# Work instruction
Return exactly the span of lines in the following data that opens with the line containing "knit factory kf154012010" and closes with the line containing "first page Refuge vol. 17.6 1998". Include nothing else.

# Supplied entries
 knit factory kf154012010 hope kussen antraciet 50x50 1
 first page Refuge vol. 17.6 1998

...

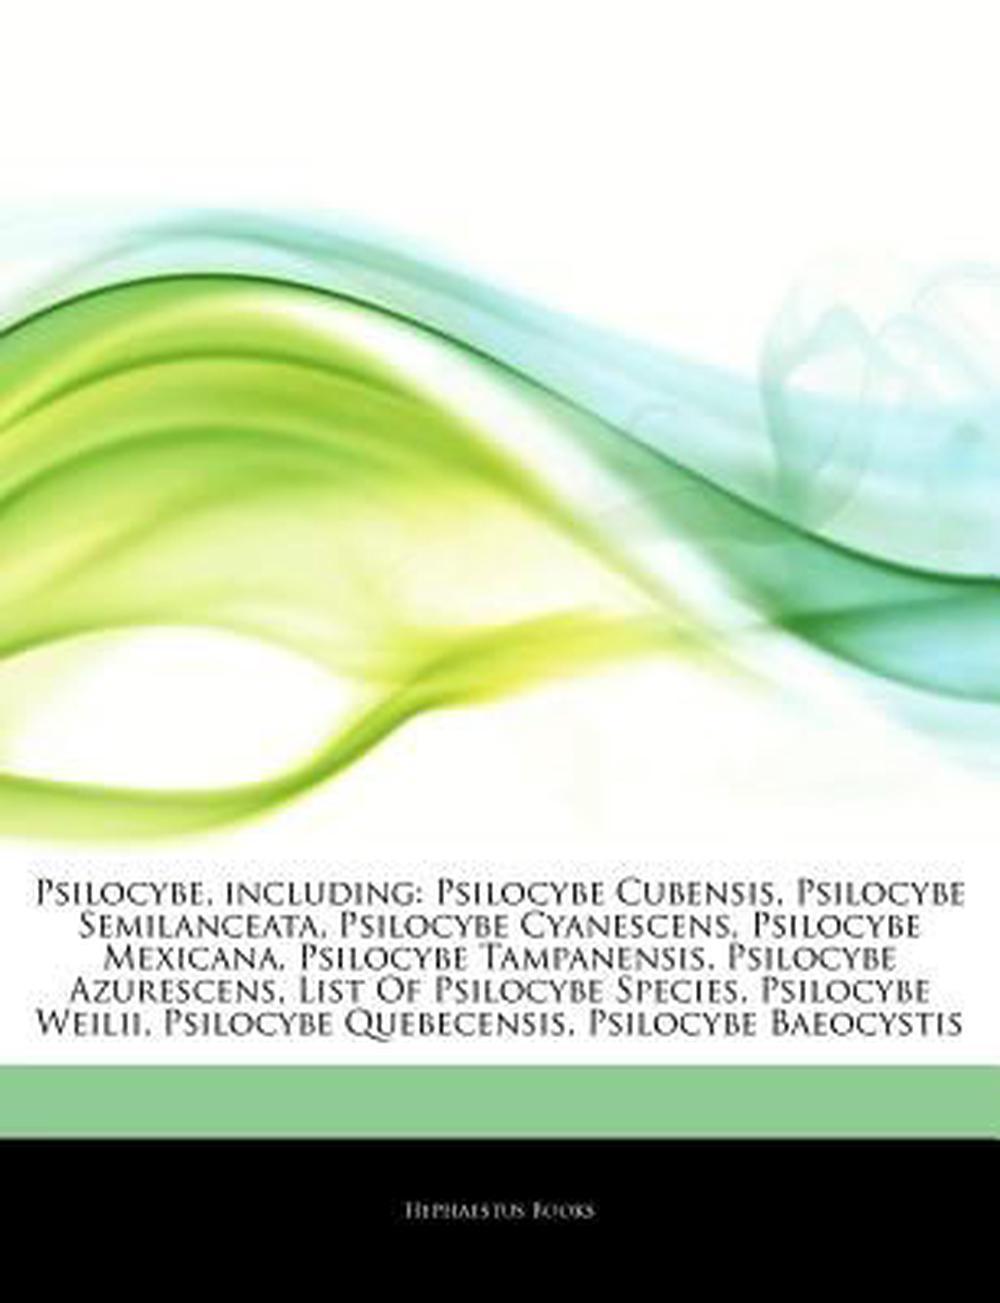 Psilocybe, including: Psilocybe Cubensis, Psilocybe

# Result of this exercise
 knit factory kf154012010 hope kussen antraciet 50x50 1
 first page Refuge vol. 17.6 1998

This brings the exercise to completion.